#### SOURCE INFORMATION:
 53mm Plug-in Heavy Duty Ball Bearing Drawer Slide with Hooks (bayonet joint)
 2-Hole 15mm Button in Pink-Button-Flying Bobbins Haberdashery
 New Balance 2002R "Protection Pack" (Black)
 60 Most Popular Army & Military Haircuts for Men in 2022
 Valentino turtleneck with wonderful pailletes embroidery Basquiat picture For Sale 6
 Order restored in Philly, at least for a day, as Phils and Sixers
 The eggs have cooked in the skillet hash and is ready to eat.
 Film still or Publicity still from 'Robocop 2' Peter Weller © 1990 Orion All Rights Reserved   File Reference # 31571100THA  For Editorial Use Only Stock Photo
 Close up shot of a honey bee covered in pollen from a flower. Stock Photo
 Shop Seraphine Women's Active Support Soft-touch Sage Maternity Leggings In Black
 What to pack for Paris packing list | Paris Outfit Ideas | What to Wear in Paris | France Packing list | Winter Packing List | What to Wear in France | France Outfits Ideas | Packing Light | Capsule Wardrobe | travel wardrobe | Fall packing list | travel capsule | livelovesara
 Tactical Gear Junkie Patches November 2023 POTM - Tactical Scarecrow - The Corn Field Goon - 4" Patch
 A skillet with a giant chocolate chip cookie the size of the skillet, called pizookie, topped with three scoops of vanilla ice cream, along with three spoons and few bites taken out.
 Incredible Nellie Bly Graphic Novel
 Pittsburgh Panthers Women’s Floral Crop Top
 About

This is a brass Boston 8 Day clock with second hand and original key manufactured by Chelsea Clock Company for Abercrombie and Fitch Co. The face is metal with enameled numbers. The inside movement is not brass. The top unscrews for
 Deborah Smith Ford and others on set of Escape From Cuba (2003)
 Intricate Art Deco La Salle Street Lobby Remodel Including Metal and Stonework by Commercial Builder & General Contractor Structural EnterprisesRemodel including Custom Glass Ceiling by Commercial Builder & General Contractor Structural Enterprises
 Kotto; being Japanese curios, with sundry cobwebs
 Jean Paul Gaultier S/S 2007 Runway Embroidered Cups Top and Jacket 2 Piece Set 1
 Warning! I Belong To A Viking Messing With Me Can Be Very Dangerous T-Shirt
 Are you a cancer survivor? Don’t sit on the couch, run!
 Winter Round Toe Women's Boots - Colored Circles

#### REQUIRED WORK:
What you return should match the data character for character.

#### TASK RESPONSE:
 53mm Plug-in Heavy Duty Ball Bearing Drawer Slide with Hooks (bayonet joint)
 2-Hole 15mm Button in Pink-Button-Flying Bobbins Haberdashery
 New Balance 2002R "Protection Pack" (Black)
 60 Most Popular Army & Military Haircuts for Men in 2022
 Valentino turtleneck with wonderful pailletes embroidery Basquiat picture For Sale 6
 Order restored in Philly, at least for a day, as Phils and Sixers
 The eggs have cooked in the skillet hash and is ready to eat.
 Film still or Publicity still from 'Robocop 2' Peter Weller © 1990 Orion All Rights Reserved   File Reference # 31571100THA  For Editorial Use Only Stock Photo
 Close up shot of a honey bee covered in pollen from a flower. Stock Photo
 Shop Seraphine Women's Active Support Soft-touch Sage Maternity Leggings In Black
 What to pack for Paris packing list | Paris Outfit Ideas | What to Wear in Paris | France Packing list | Winter Packing List | What to Wear in France | France Outfits Ideas | Packing Light | Capsule Wardrobe | travel wardrobe | Fall packing list | travel capsule | livelovesara
 Tactical Gear Junkie Patches November 2023 POTM - Tactical Scarecrow - The Corn Field Goon - 4" Patch
 A skillet with a giant chocolate chip cookie the size of the skillet, called pizookie, topped with three scoops of vanilla ice cream, along with three spoons and few bites taken out.
 Incredible Nellie Bly Graphic Novel
 Pittsburgh Panthers Women’s Floral Crop Top
 About

This is a brass Boston 8 Day clock with second hand and original key manufactured by Chelsea Clock Company for Abercrombie and Fitch Co. The face is metal with enameled numbers. The inside movement is not brass. The top unscrews for
 Deborah Smith Ford and others on set of Escape From Cuba (2003)
 Intricate Art Deco La Salle Street Lobby Remodel Including Metal and Stonework by Commercial Builder & General Contractor Structural EnterprisesRemodel including Custom Glass Ceiling by Commercial Builder & General Contractor Structural Enterprises
 Kotto; being Japanese curios, with sundry cobwebs
 Jean Paul Gaultier S/S 2007 Runway Embroidered Cups Top and Jacket 2 Piece Set 1
 Warning! I Belong To A Viking Messing With Me Can Be Very Dangerous T-Shirt
 Are you a cancer survivor? Don’t sit on the couch, run!
 Winter Round Toe Women's Boots - Colored Circles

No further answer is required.